The Supreme Court considers as an executive of a company, any person that is entitled to adopt decisions that mark, condition or direct the business of such company. It falls upon the CNMC to prove, on a case by case basis, that a given person is, in fact, an executive (or a member of a management body), and that such person performs the mentioned functions.

Further, the Supreme Court understans tha bearing the label of “executive” is not sufficient to consider someone as an executive. It is necessary, as indicated, to analyze its functions, autonomy and responsibilities; and to assess whether the person or body in question, for the purposes of deciding about the unlawful action, is subordinated to other bodies different than the general shareholders meeting. The appointment of the executive and his or her reporting obligations, as well as the by-laws and the organizational chart of the company, are also important elements to look into.

Finally, the Court makes it very clear that individuals performing technical or administrative functions, or other less qualified roles, shall not be deemed as executives and, therefore, cannot be fined on an individual basis.

Objective condition: participation in the anticompetitive agreement

The second condition to impose a fine to an executive or a legal representative is the proof of his/her “participation” in the unlawful agreement or decision. Regarding this requisite, the Supreme Court reaffirms that the participation does not need to be express, active, decisive or essential.

The Supreme Court, in view of the EU case law regarding the assessment of the participation of undertakings in anticompetitive agreements, concludes that the persons who intervene in an unlawful agreement (and therefore the ones that can be individually fined) are not only the ones actively participating in such unlawful agreement or decision, but also those intervening in a subordinated, ancillary or passive manner by means of their presence in meetings at which anticompetitive agreements or decisions are concluded without clearly opposing them or reporting them to the administrative authorities.

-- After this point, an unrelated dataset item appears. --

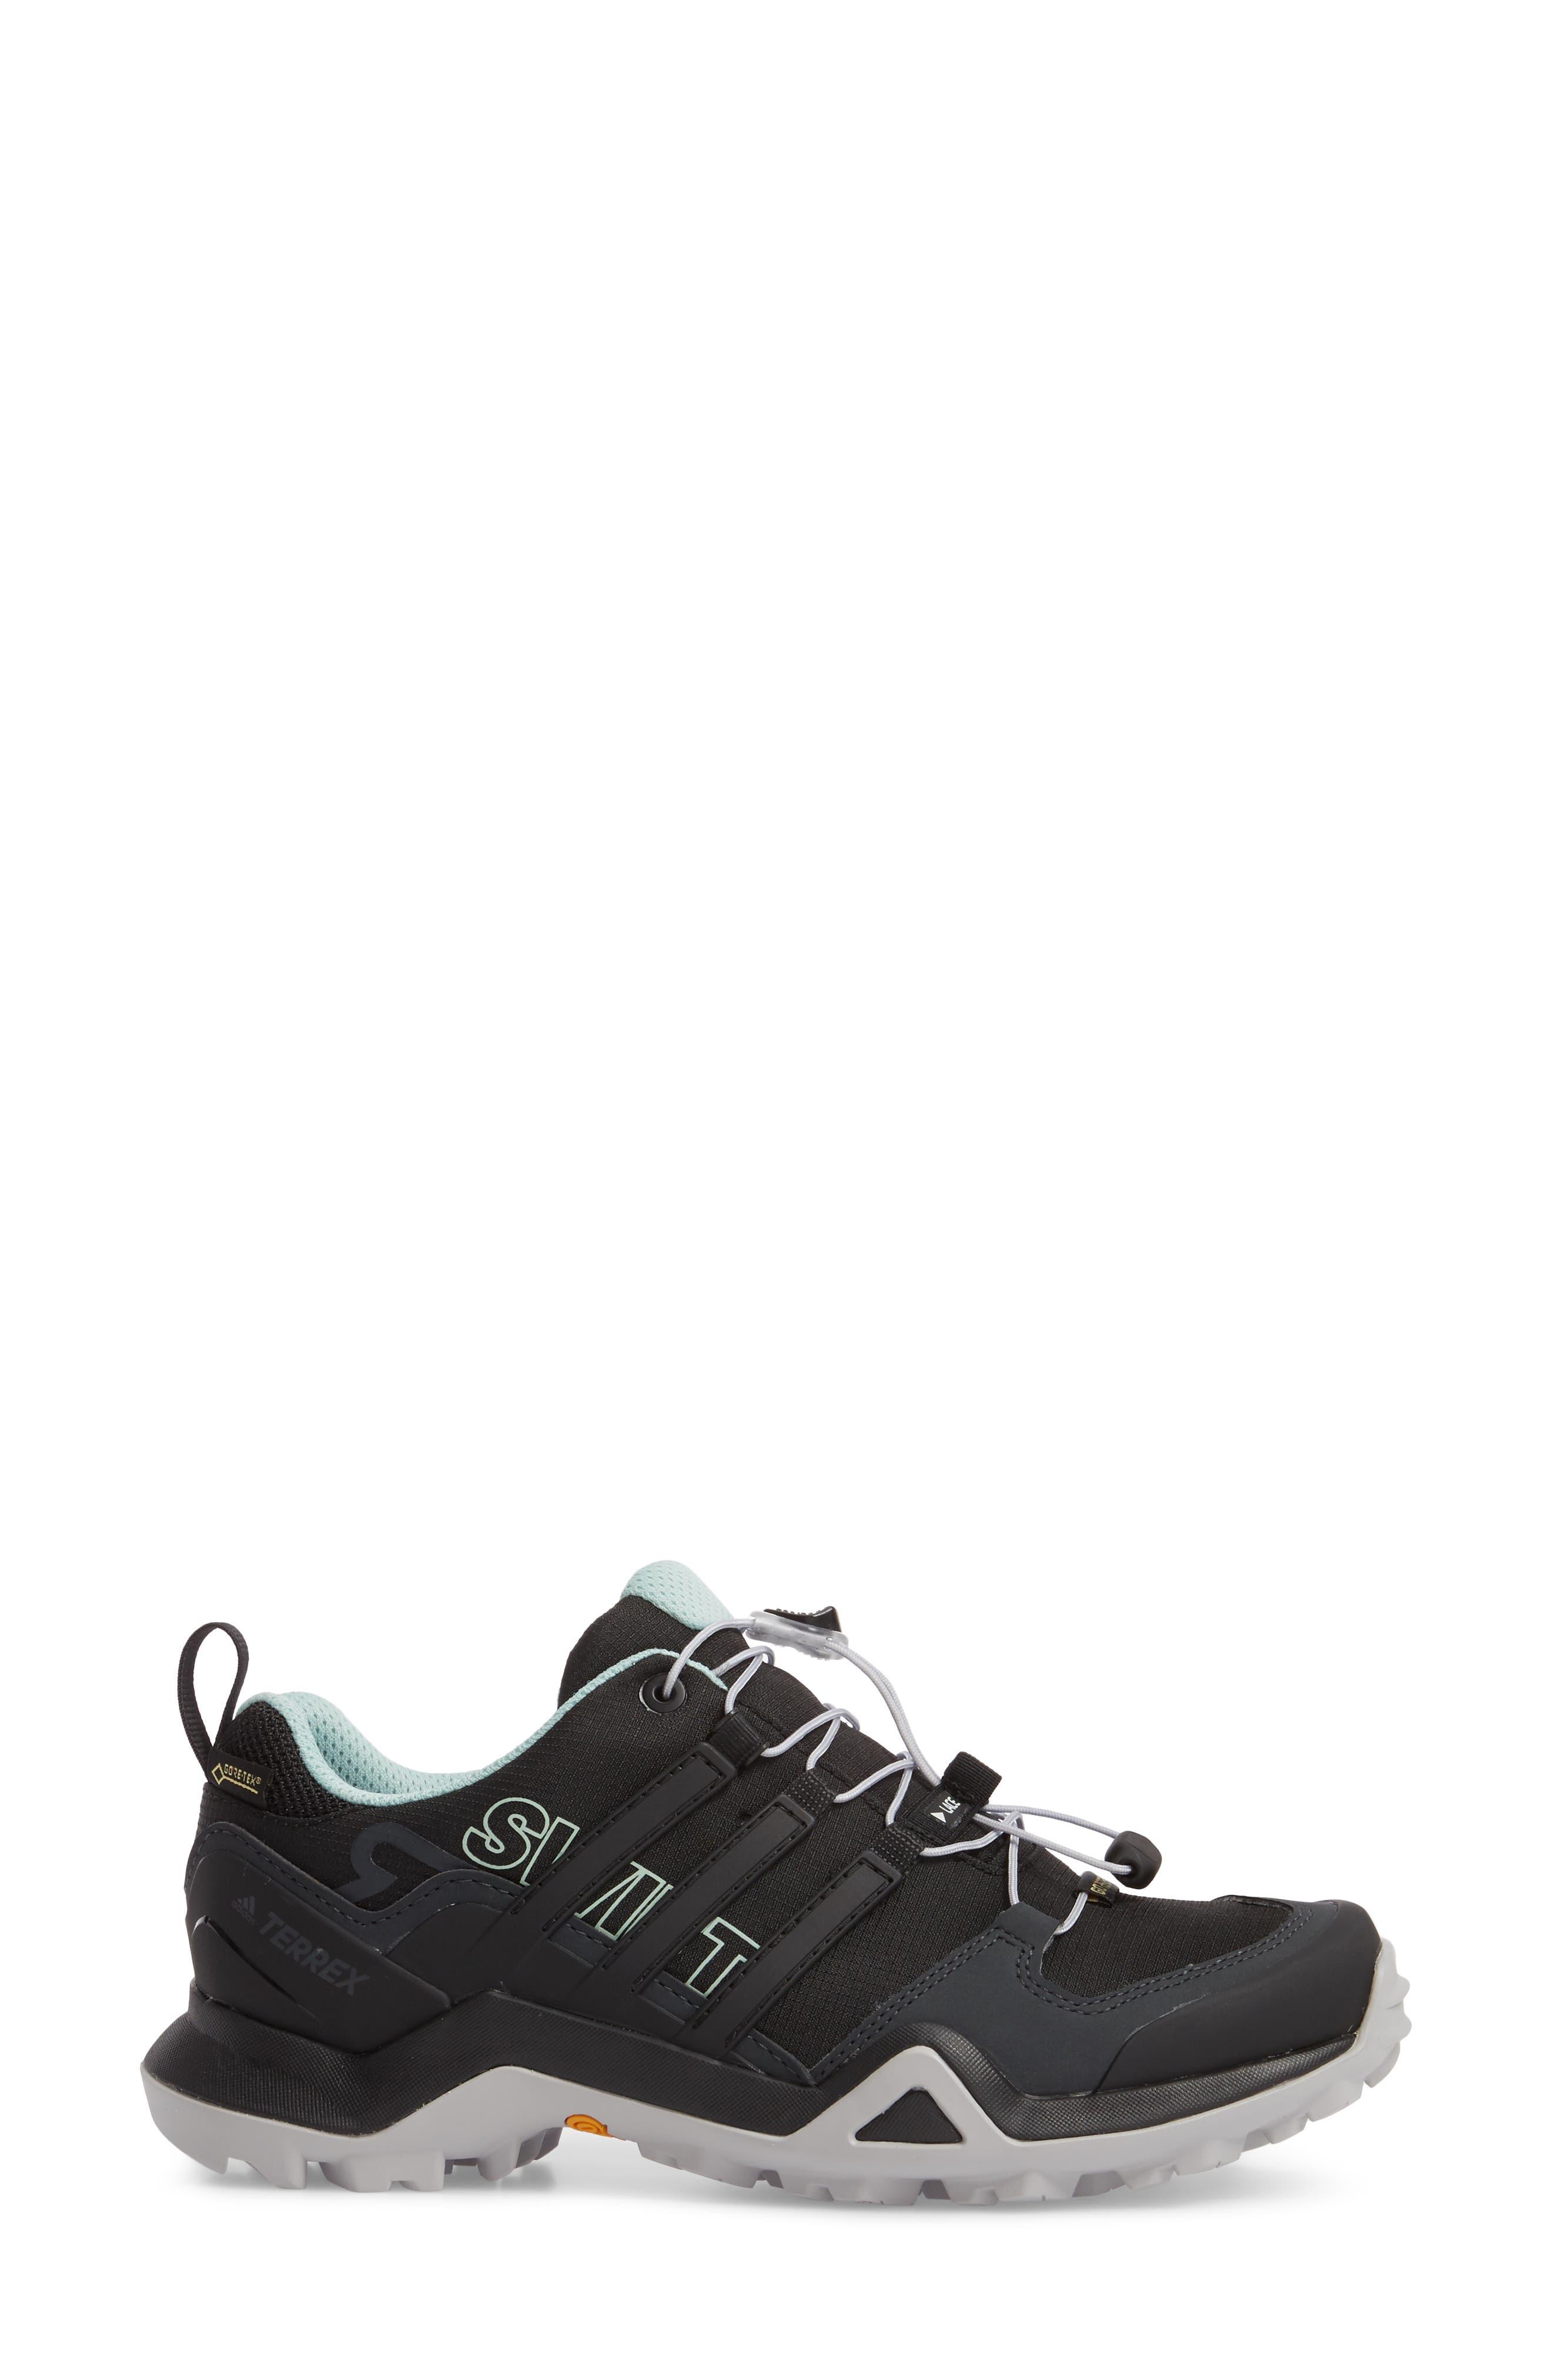 Terrex Swift R2 Gore-Tex<sup>®</sup> Hiking Shoe,                             Alternate thumbnail 3, color,                             Black/ Black/ Ash Green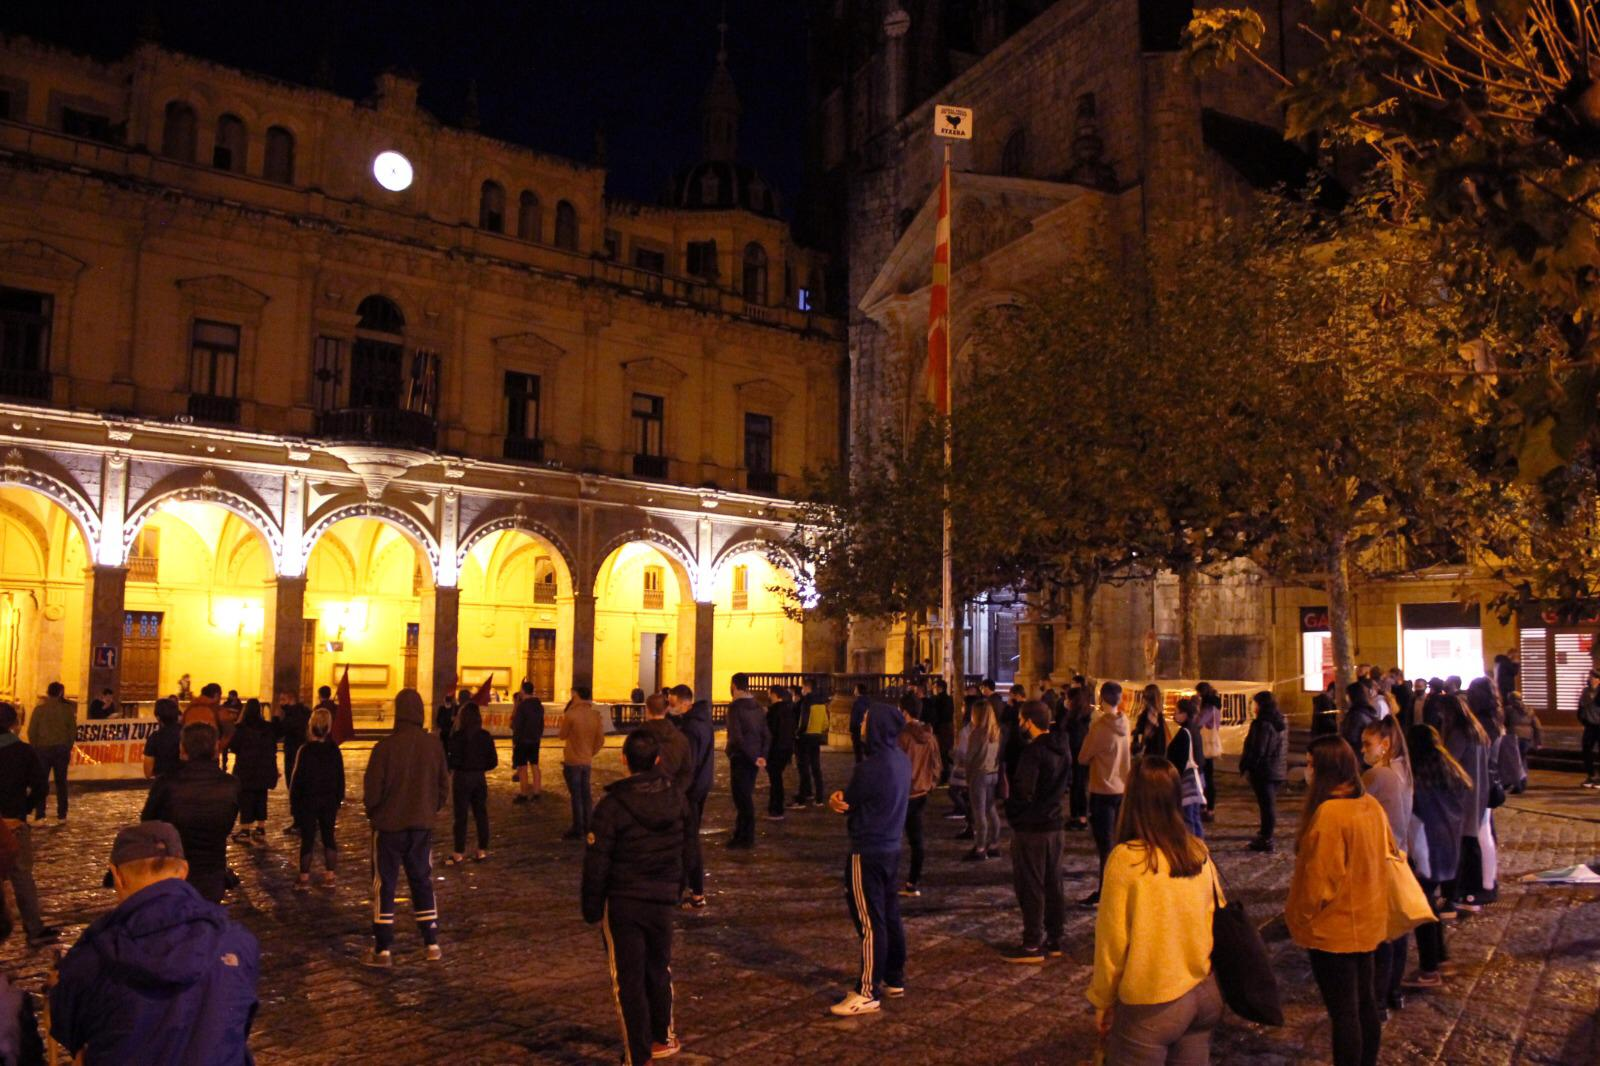 https://www.boltxe.eus/wp-content/uploads/2020/11/1604844186_888_Euskal-Herria-Una-multitud-juvenil-de-la-GKS-se-manifesto.jpg

From the Supreme Court’s rationale, it is unclear what an individual should do to avoid being accused of passively participating in an anticompetitive agreement. Is it enough to take just one of the two described actions (oppose the agreement or report it to the authorities)? Or, to the contrary, is it necessary to both oppose the agreement and report it to the authorities? While some paragraphs of the judgement may allow to defend that the sole opposition of the executive should be sufficient; other parts of the judgement are less clear in this respect.

In our opinion, requiring executives to report to the competent authorities to be exempted from personal liability is disproportionate. The Law punishes those who participate in an anticompetitive agreement or conduct; and the express opposition of a person should be a sufficient to understand that such person has not participated in the infringement. In some cases, the executive may consider that reporting to the authorities is the most appropriate course of action to protect its own or the company’s interests, but reporting against an association, a competition or your own company is something complicated, and it would not be reasonable to fine those who do not do so.

Finally, it is important to bear in mind that the intensity of the participation of the executive may be relevant to determine the amount of the fine, but not the existence of liability. The mere participation in an unlawful agreement in the terms described above, even if such participation is irrelevant, is sufficient for the executive to potentially face liability.